Minister Işıkhan äußert sich zu Rente und Mindestlohn

Der Minister für Arbeit und soziale Sicherheit, Vedat Işıkhan, reagierte auf Behauptungen bezüglich des Rentensystems und der Gehaltsberechnungen und erklärte, dass Änderungen am derzeitigen System nicht auf der Tagesordnung stünden. Zudem kündigte er an, dass die Mindestlohnkommission im Dezember zusammentreten werde, um den Mindestlohn festzulegen.

12punto

Der Minister für Arbeit und soziale Sicherheit, Vedat Işıkhan, beantwortete in einer Fernsehsendung Fragen zum Rentensystem und zu den Gehältern.

Auf die Frage "Werden sich die Rentenbedingungen ändern? Wird es eine neue Regelung bei der Berechnung der Rentenbezüge geben?" antwortete Minister Işıkhan: "Ein Thema bezüglich des Rentensystems oder der Berechnung der Rentenbezüge steht bei uns nicht auf der Tagesordnung."

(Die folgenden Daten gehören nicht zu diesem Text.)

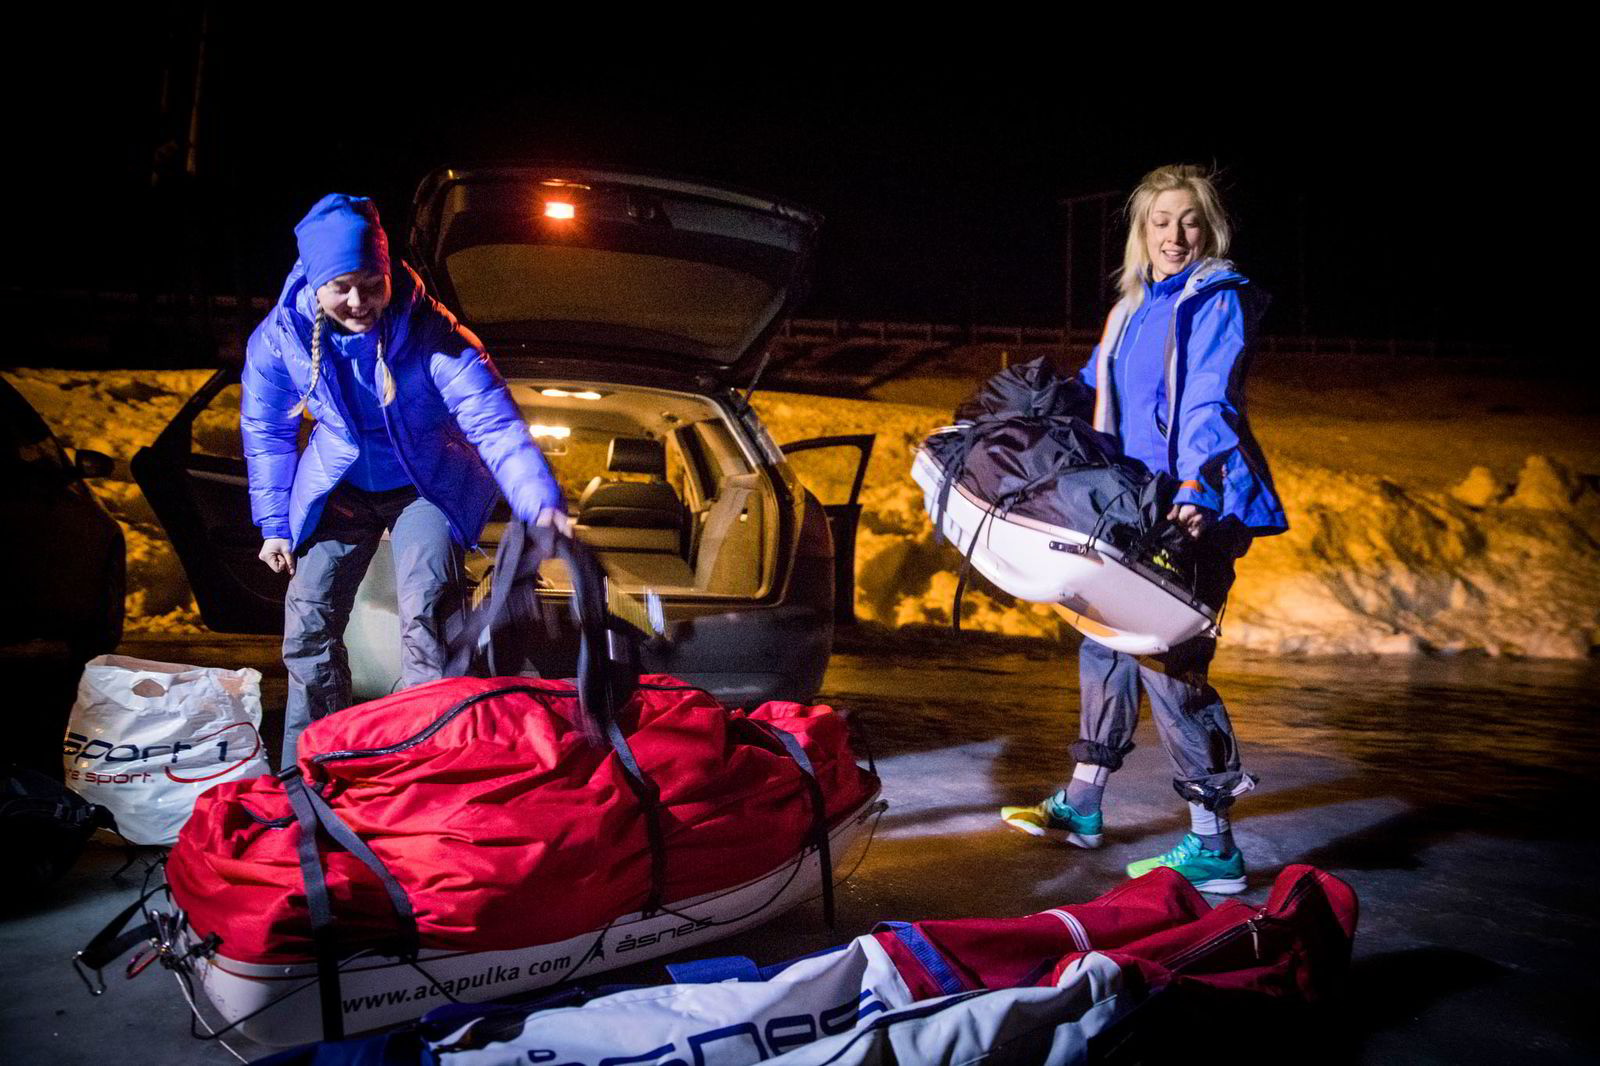 Line Sogn Plassen løfter ut pulken av bilen etter å ha kommet frem til Haukelifjell nærmere midnatt. Sammen med Ingeborg Kristine Lind til venstre, ligger de to i hardtrening før Expedition Amundsen over Hardangervidda. Alle foto: Gunnar Lier
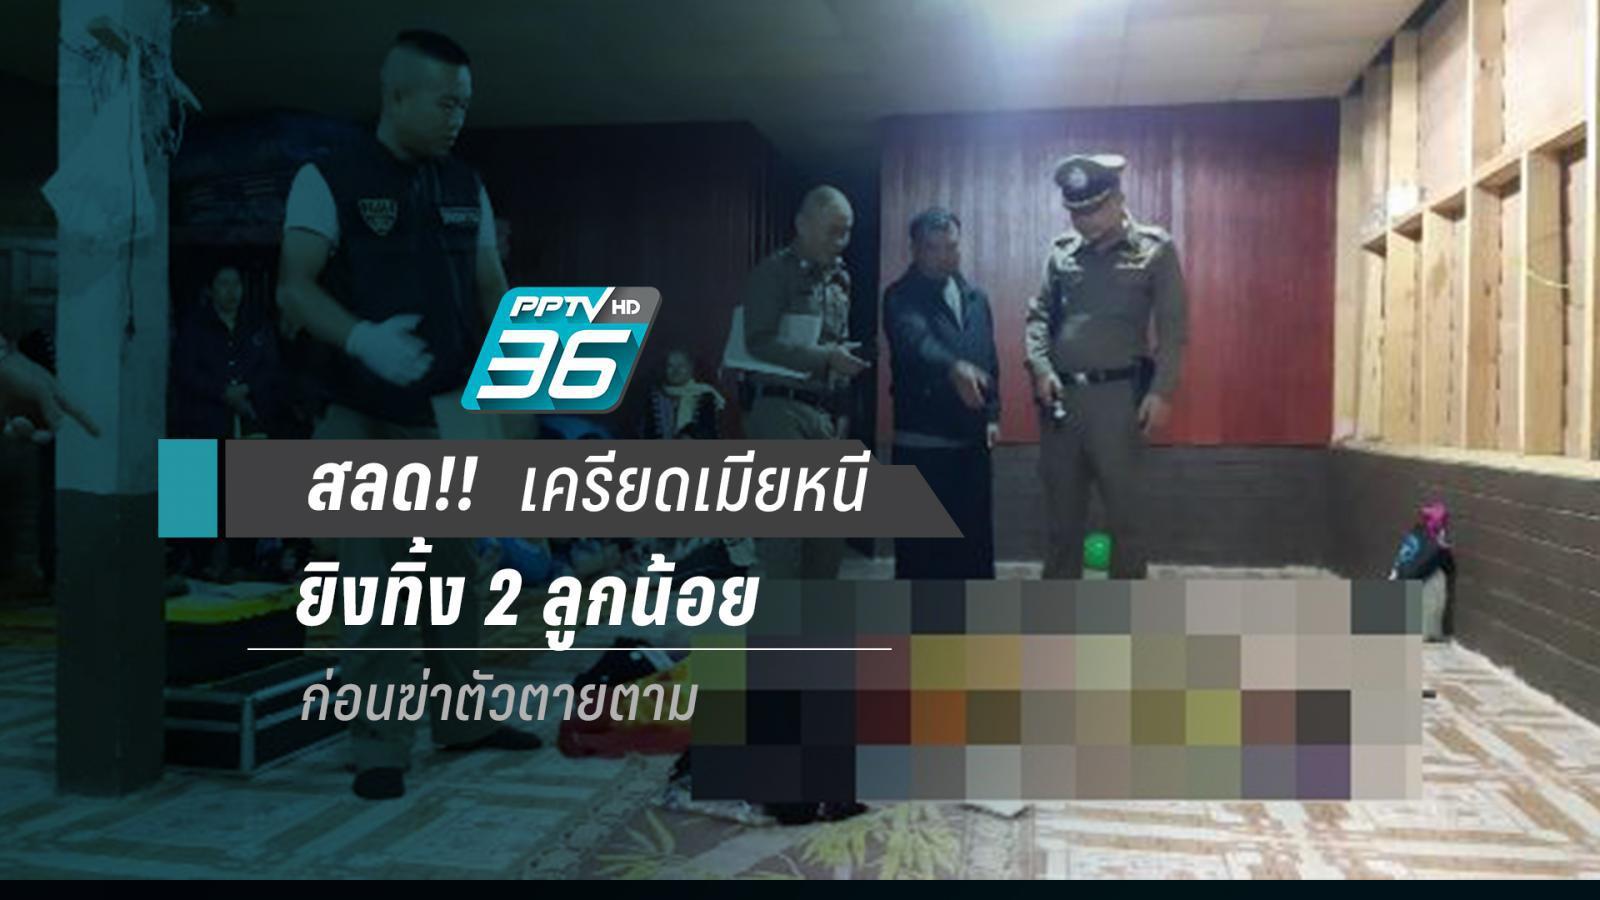 โศกนาฏกรรม  พ่อยิงลูก 2 คนทิ้ง  พร้อมฆ่าตัวตาย หลังเมียหนี

Işıkhan äußerte sich dazu wie folgt:

"Ein Thema bezüglich des Rentensystems oder der Berechnung der Rentenbezüge steht bei uns nicht auf der Tagesordnung, aber wir sind bereit für jede Art von Entwicklung, die von außen kommen könnte, insbesondere durch den Wirtschafts-Koordinationsrat, im Einklang mit den Zielen, die wir im Rahmen des mittelfristigen Plans festgelegt haben, und im Einklang mit unserem 12. Entwicklungsplan, um unser Rentensystem zu verbessern und auf einen besseren Stand zu bringen."

Işıkhan erinnerte daran, dass die Praxis der Feiertagsgratifikationen für Rentner im Jahr 2018 begann, und sagte: "Wir wünschen uns, diese Tradition auch im Jahr 2025 fortzusetzen."

ERKLÄRUNG ZUM MINDESTLOHN

Işıkhan betonte auf eine Frage hin, dass der Mindestlohn Millionen von Bürgern betreffe und einer der Grundpfeiler des Arbeitslebens sei.

Işıkhan erklärte, dass der Mindestlohn kein Prozess sei, den die Regierung oder das Ministerium allein bestimme, und äußerte: "So Gott will, werden wir unsere Mindestlohnkommission Anfang Dezember zusammenrufen, um den für das Jahr 2025 geltenden Mindestlohn festzulegen."